> **TASK BRIEF**
Every line of the listing should be retyped exactly, but none of the pictures should be.
START COLLECTED MATERIAL
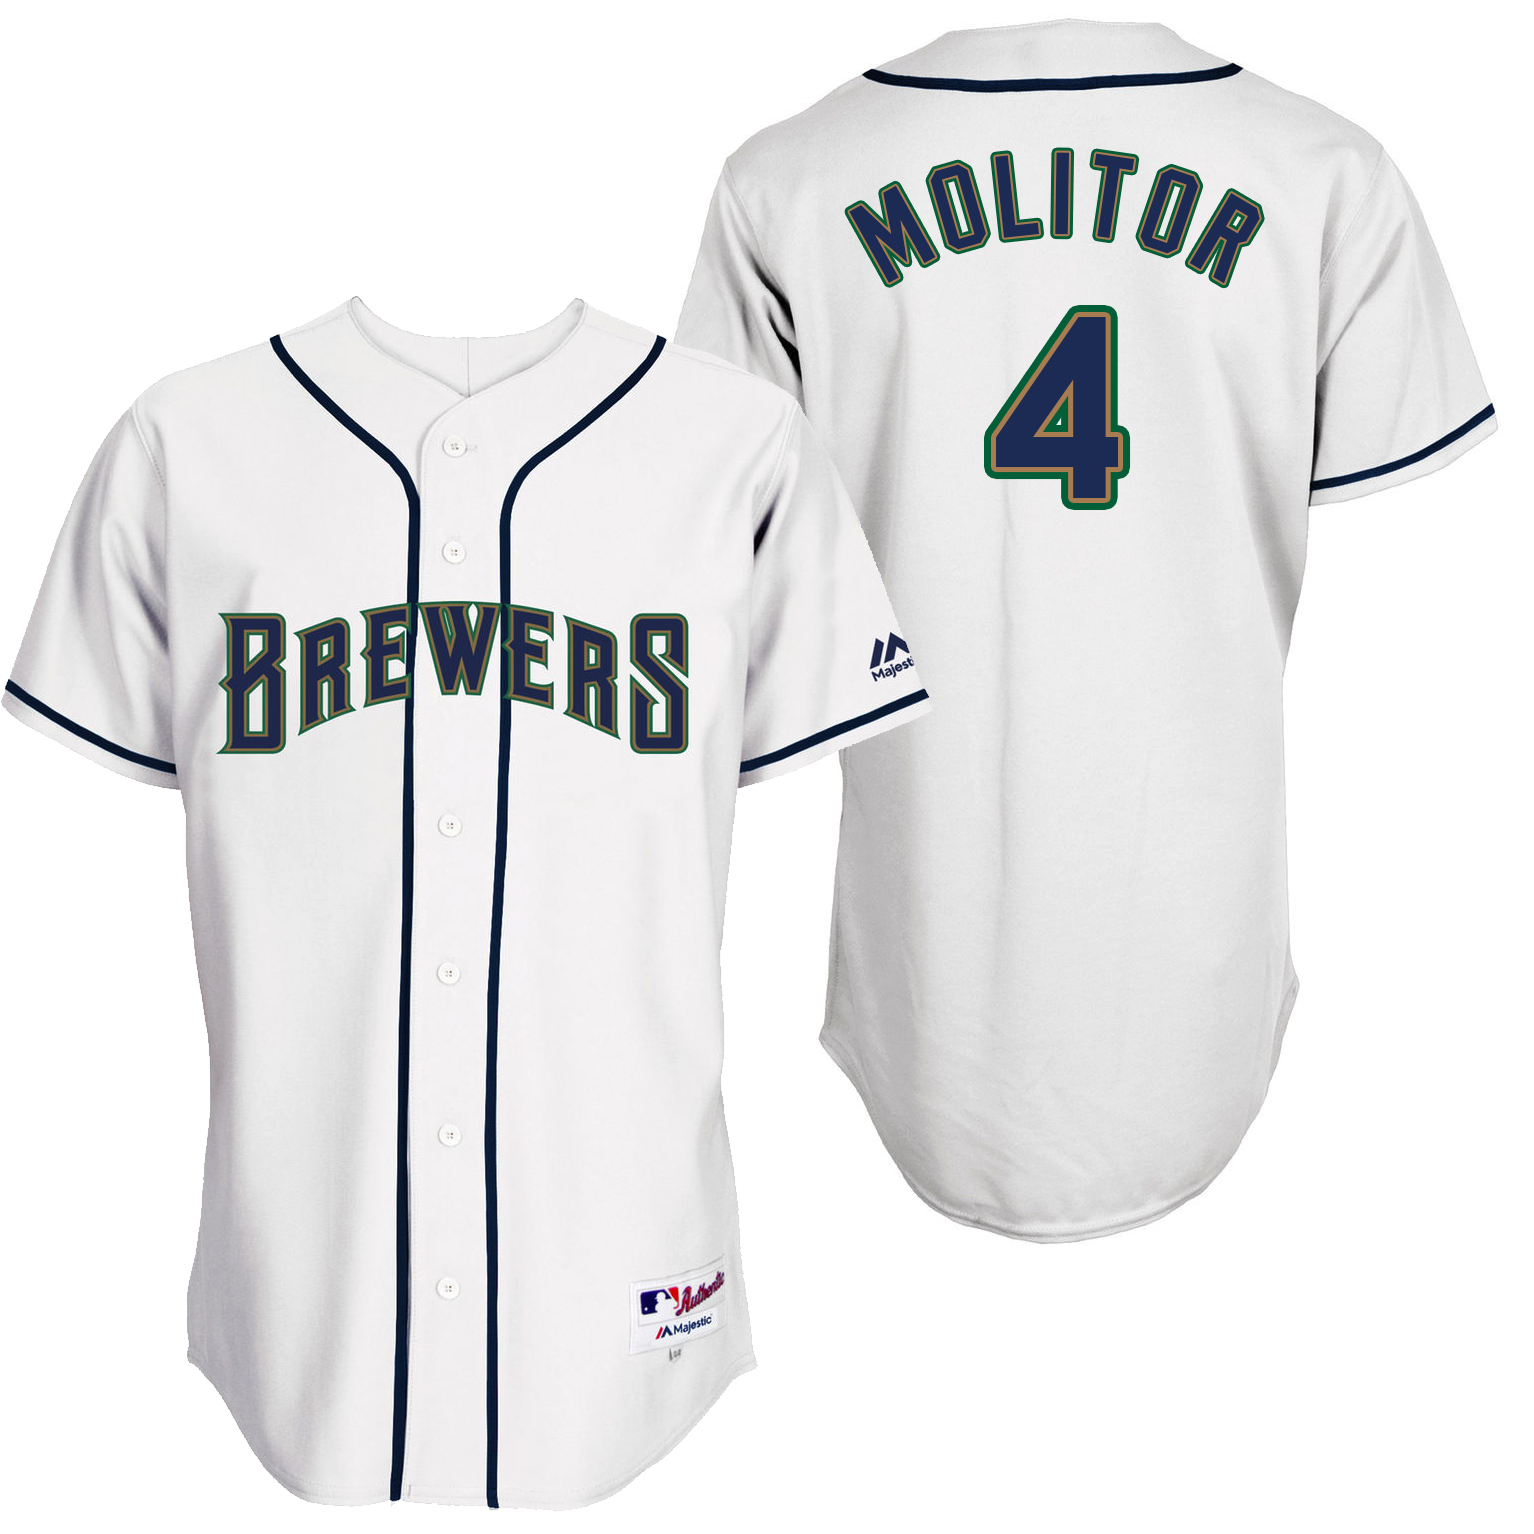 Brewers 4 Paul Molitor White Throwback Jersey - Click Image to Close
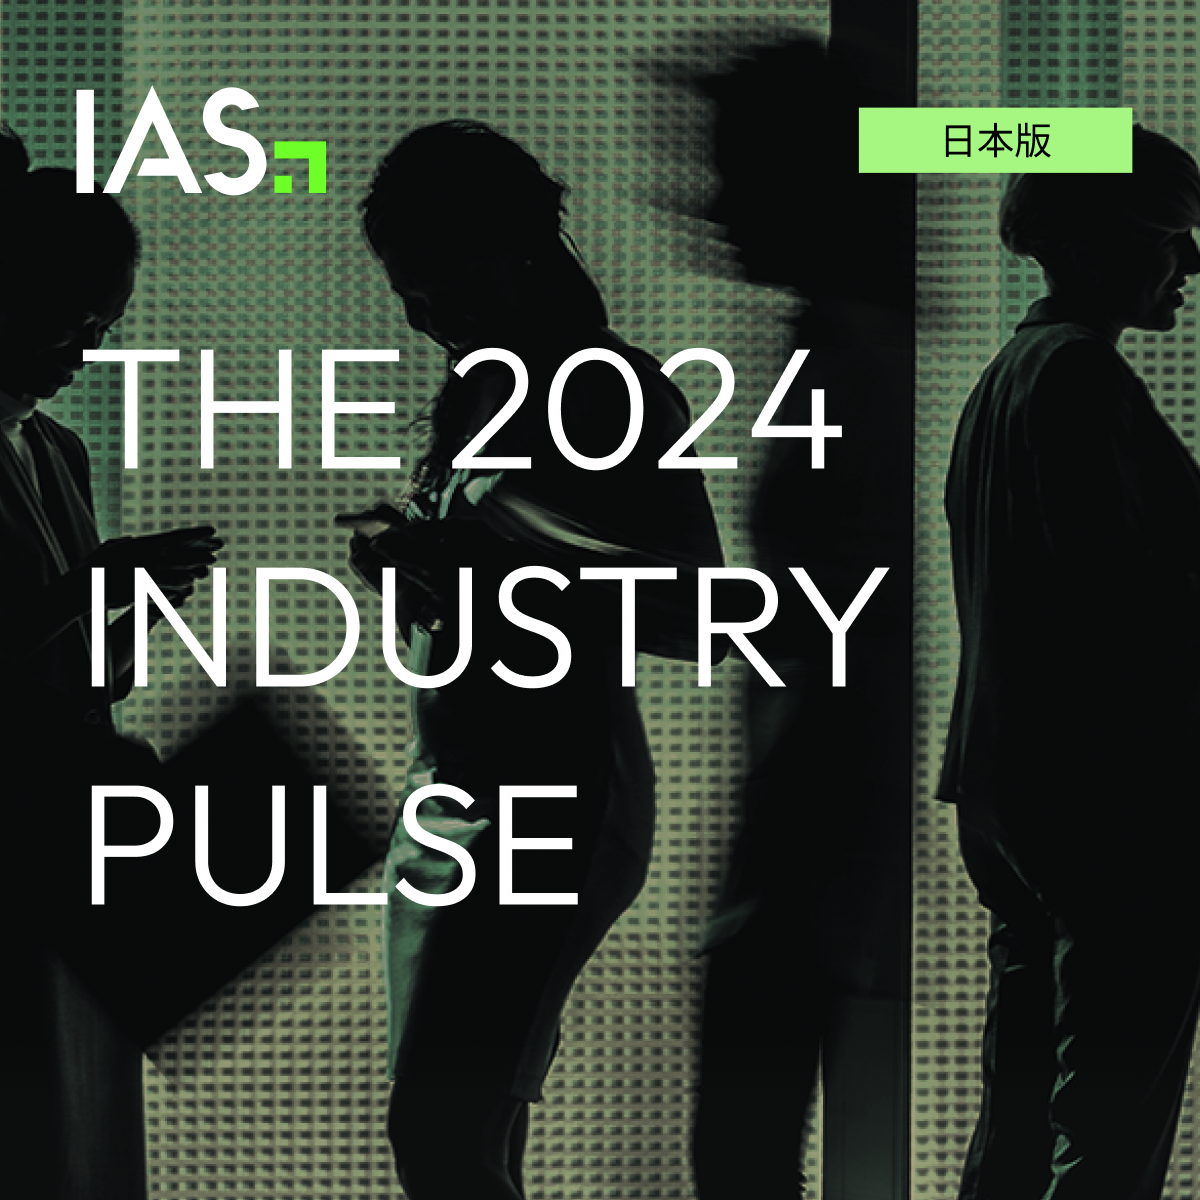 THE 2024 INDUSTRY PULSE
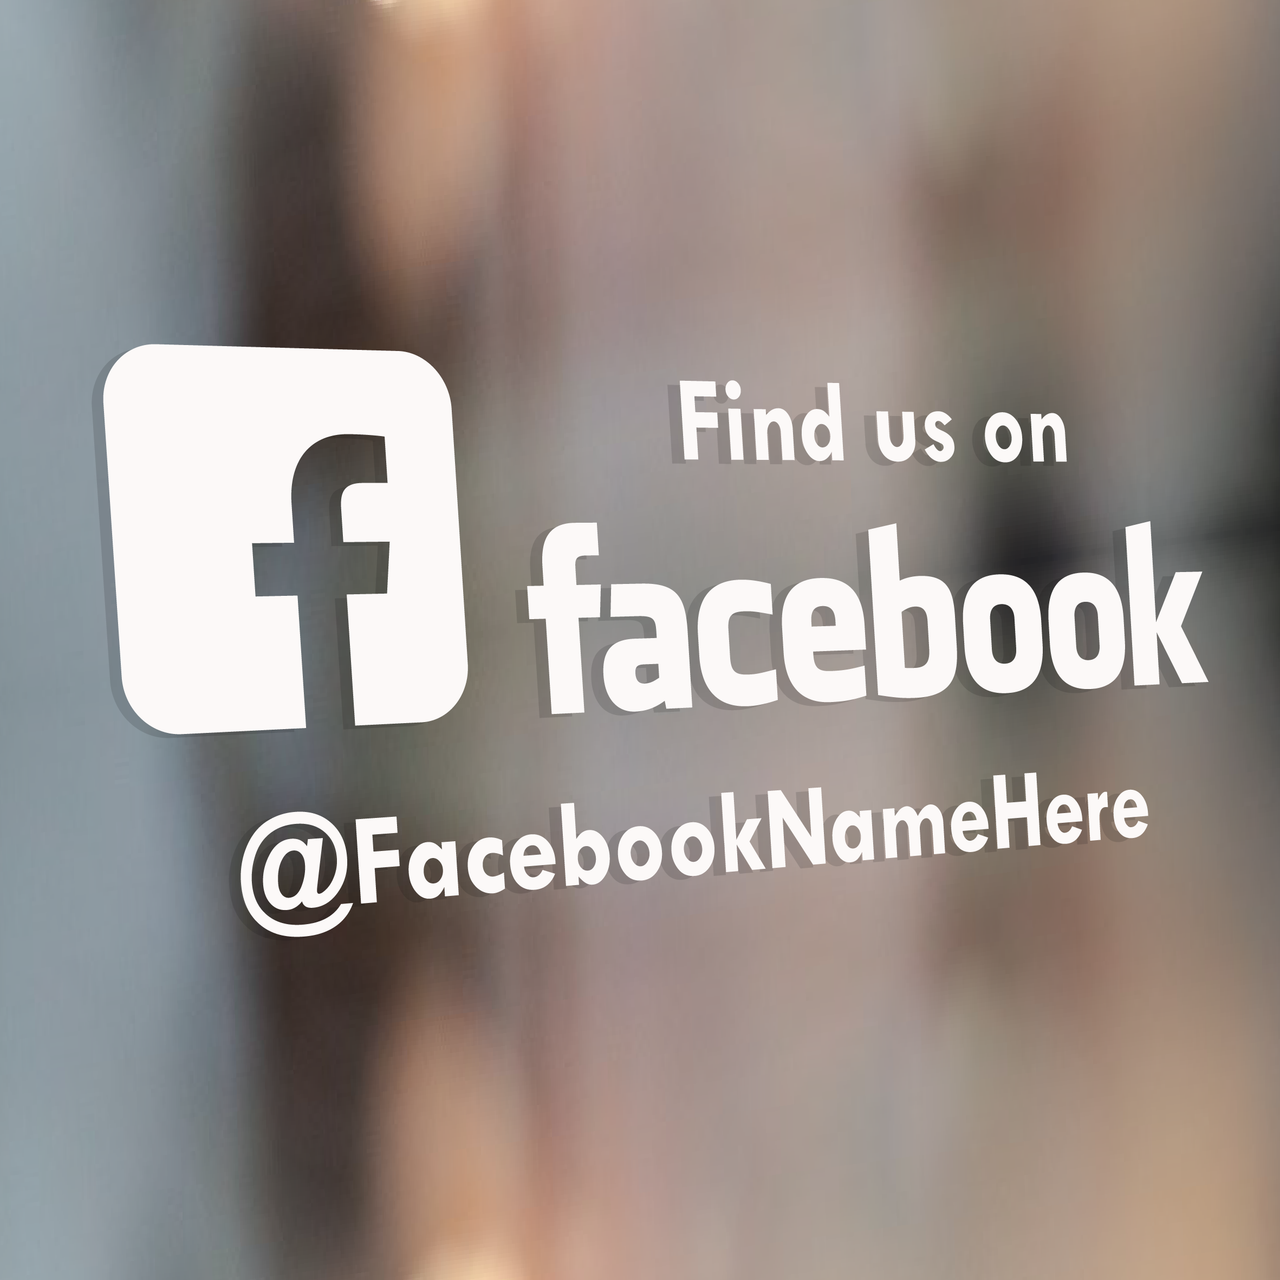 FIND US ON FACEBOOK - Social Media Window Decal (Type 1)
END COLLECTED MATERIAL
> **EXERCISE RESULT**
 Brewers 4 Paul Molitor White Throwback Jersey - Click Image to Close
 THE 2024 INDUSTRY PULSE
 FIND US ON FACEBOOK - Social Media Window Decal (Type 1)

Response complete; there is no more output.